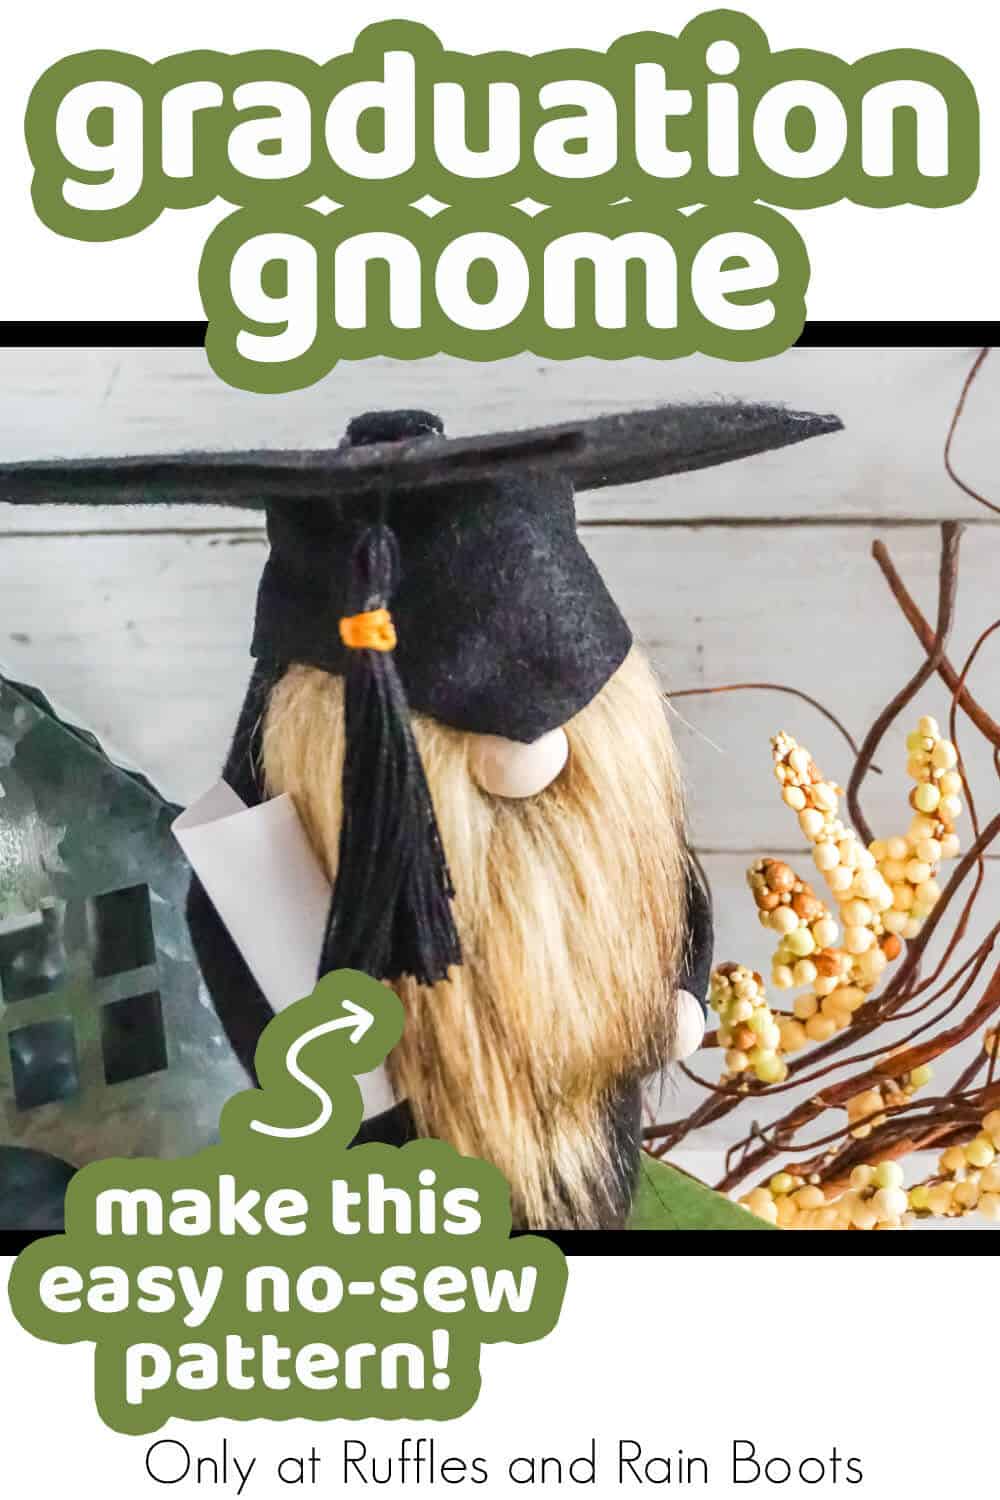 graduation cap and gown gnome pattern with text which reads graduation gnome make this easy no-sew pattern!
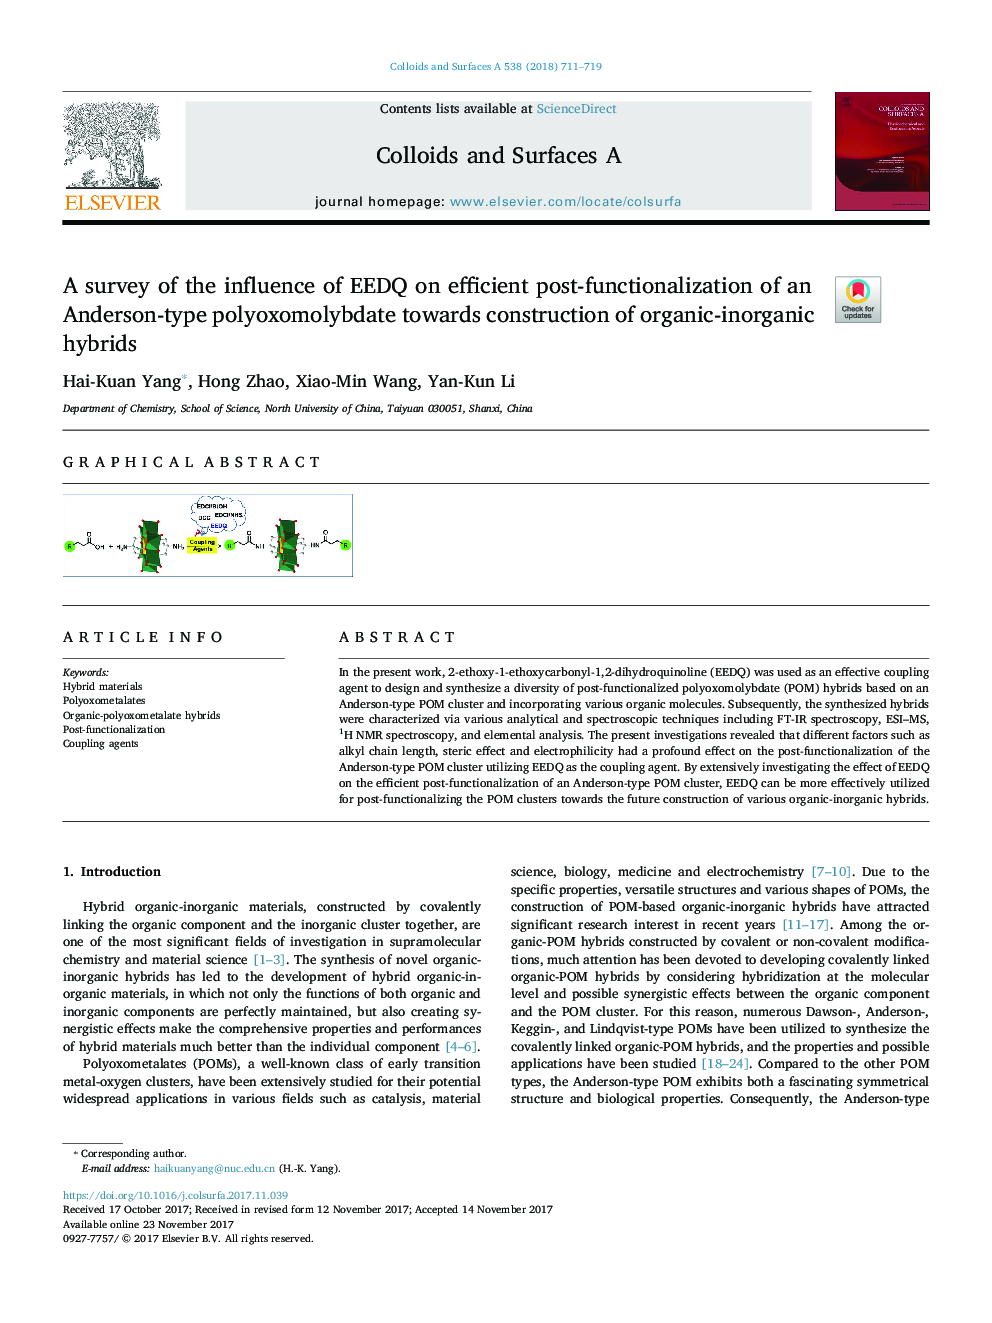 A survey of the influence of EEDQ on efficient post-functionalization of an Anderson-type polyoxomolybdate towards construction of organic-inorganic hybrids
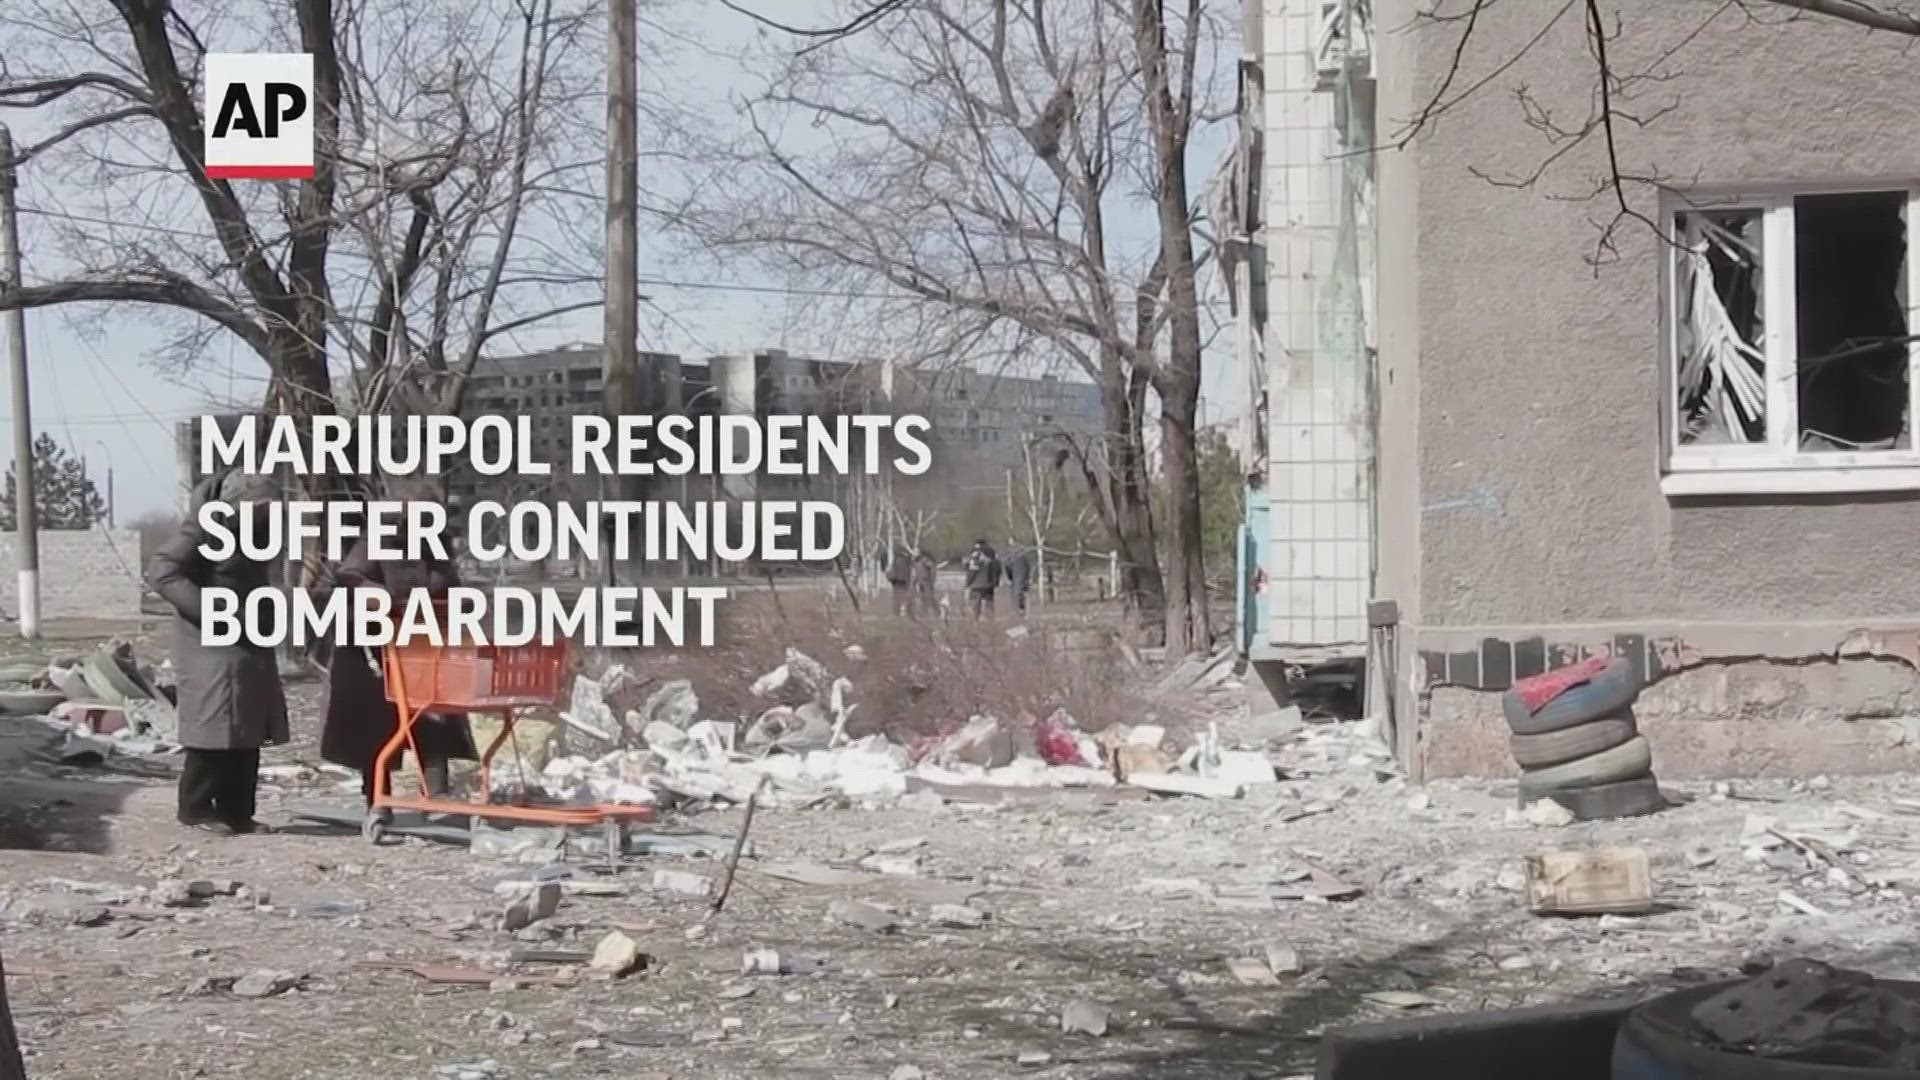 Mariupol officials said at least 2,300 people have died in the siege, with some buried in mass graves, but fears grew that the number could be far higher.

Work item: Please give the material above again in full, with no pictures in your version.

Solution below:
 graduation cap and gown gnome pattern with text which reads graduation gnome make this easy no-sew pattern!
 A survey of the influence of EEDQ on efficient post-functionalization of an Anderson-type polyoxomolybdate towards construction of organic-inorganic hybrids
 Mariupol officials said at least 2,300 people have died in the siege, with some buried in mass graves, but fears grew that the number could be far higher.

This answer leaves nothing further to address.